Stirring mode milling apparatus 30 may be used to nitridize the iron-containing raw material 18 in similar manner as milling apparatus 10 illustrated in FIG. 1. For example, shaft 34 may be rotated at a rate between about 500 rpm and about 2000 rpm, such as between about 600 rpm and about 650 rpm, about 600 rpm, or about 650 rpm. Further, to facilitate milling of the iron-containing raw material, in some examples, the mass ratio of the milling spheres to the iron-containing raw material may be about 20:1. Milling may be performed for a predetermined time selected to allow nitriding of iron-containing raw material and milling of iron-containing raw material (and nitridized iron containing material) to a predetermined size distribution.
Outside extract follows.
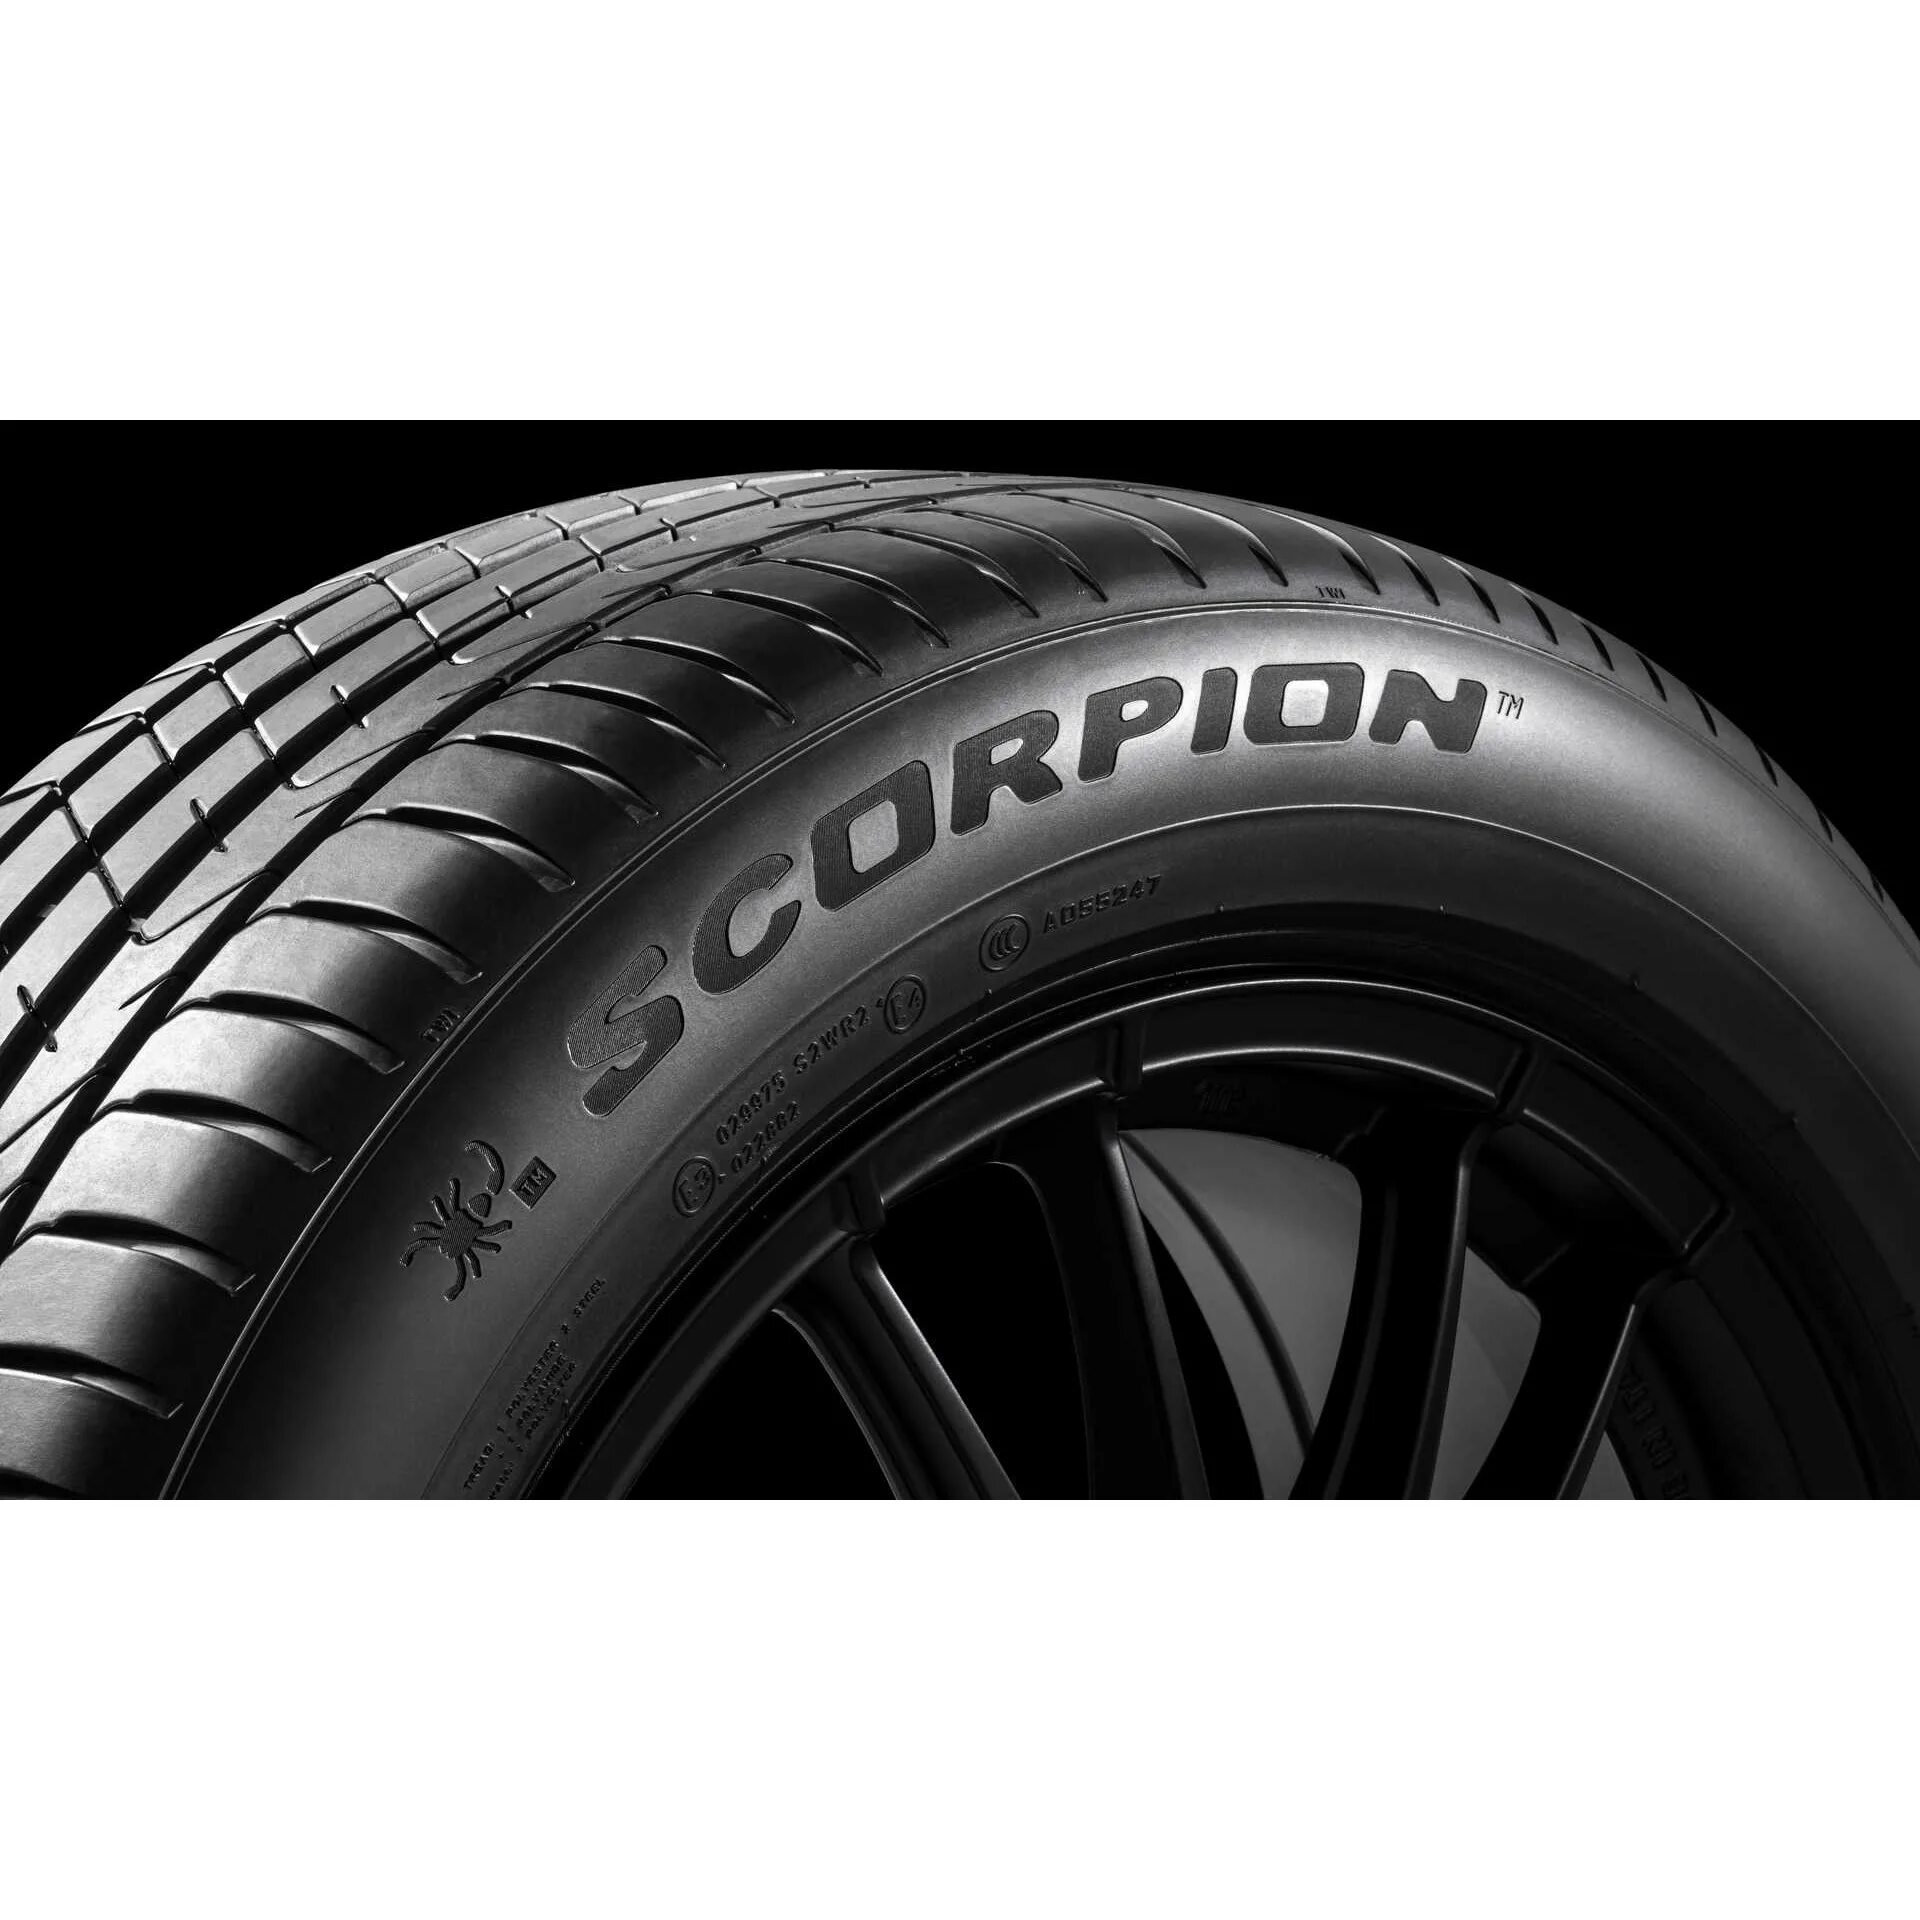 Pirelli Scorpion 215/60 r16 95v. Автошина 235/50 r19 Pirelli Scorpion 99v. Pirelli Scorpion 255/50 r19. Шины Пирелли Скорпион.

In some examples, milling may be performed for a time between about 1 hour and about 100 hours, such as between about 1 hour and about 20 hours, or about 20 hours. In some examples, the milling apparatus 10 may be stopped for about 10 minutes after each 10 hours of milling to allow milling apparatus 10, iron-containing raw material 18, nitrogen source 20, and catalyst 22 to cool.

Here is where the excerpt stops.